Strings for Thought (Holiday Musings by Laurel Anne Hill)

 

Christmas lights twinkled, sleigh bells jingled and tufts of dog fluff drifted like snowflakes across our kitchen floor.  I didn’t want to bake fuzzy sugar cookies.  Time for the family werewolf to receive a serious brushing.  Did our home always have to look as if dog hair was the basic particle of the universe?

Then I watched a program about string theory, and not the sort showing newbie cooks how to hog-tie a twenty-four pound holiday turkey with twine and stuff the thing into an eighteen-pound-capacity roasting pan.  This program dealt with that yet unproven idea about the identity of our universe’s real basic building block.  And what might that theoretical construction material be?  No, not dog hair.  Strings.  To be precise, ultra-miniscule vibrating strands of energy called strings.

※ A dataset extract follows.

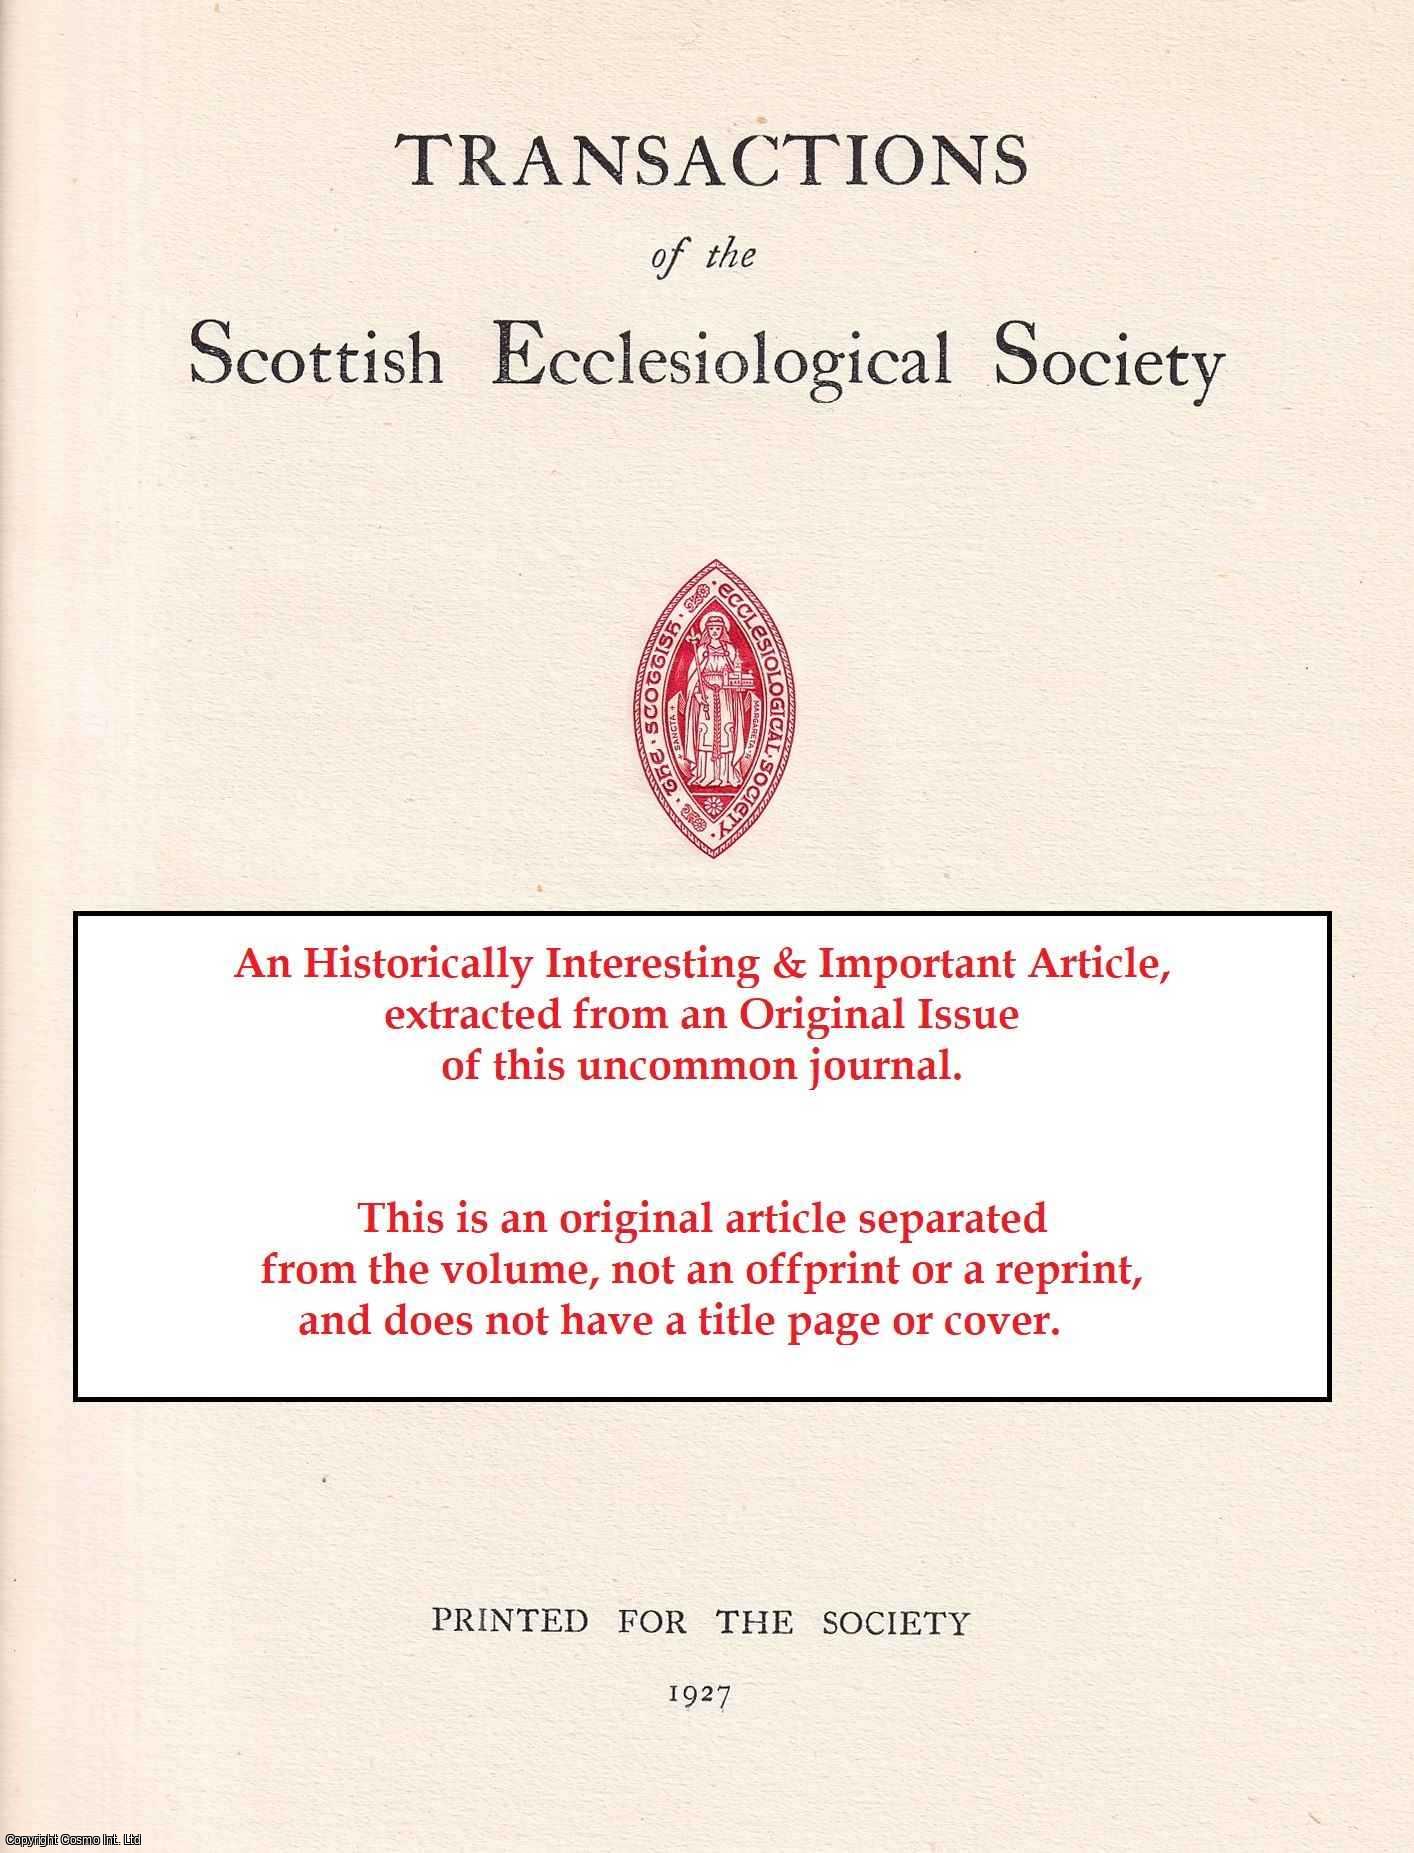 Rev Will Burnett - The Church of St. John the Baptist, Adel, Yorkshire. An original article from the Transactions of the Scottish Ecclesiological Society, 1943.

I visualized a gigantic ball of string, or maybe one of red-and-green ribbon, dangling somewhere in space and sloughing off an endless supply of sub-atomic particles, all of them doing the shimmy to 1950’s doo-wop rock.  Supposedly, those building-block strings vibrated in a multitude of ways and the vibrating behavior of each had important consequences related to the character of matter.  Well, that gave the old expression, “good vibes,” a new meaning.  You are what you dance.

But all of this had no practical connection to me, or to Christmas, or to ridding my house of dog hair, did it?  The panel of scientists shown on my computer screen ignored my question, even when I raised my hand.  Still, I listened to what those learned men and women had to say.

Essentially, for many years, Einstein had unsuccessfully sought a grand and beautiful overlying principle to link gravity (the force which increases the probability a fragile glass ornament will break if you drop it over a tile floor) with electromagnetism (the force which increases the probability you will hear “Frosty the Snowman” during the month of December).  Modern physicists continued to ask Santa for such a unifying theory, one that also incorporated those forces gluing together the internal anatomy of atoms.  So far, Santa had put lumps of carbon in all those inquiring scientist’s stockings.

But back to the ball of string.  When my daughter, Alicia, had attended preschool, I’d read her a children’s book, “A Big Ball of String.”  Many years before Alicia’s birth, her brothers had enjoyed the same story.  “I can do anything with a big ball of string,” the book’s main character claimed.  If string theory was correct — and no way to experimentally prove or disprove the idea had yet been discovered — might our universe have started with a dense collection of inky-dinky threads?  Had the Big Bang been a cosmic version of the Christmas Cracker or party popper?

And if, early on, God had initiated the creation process using a huge number of super-small strings, were my own vibrations still in tune?  Perhaps, I should stop fretting about dog hair and contemplate my true music this holiday season and beyond.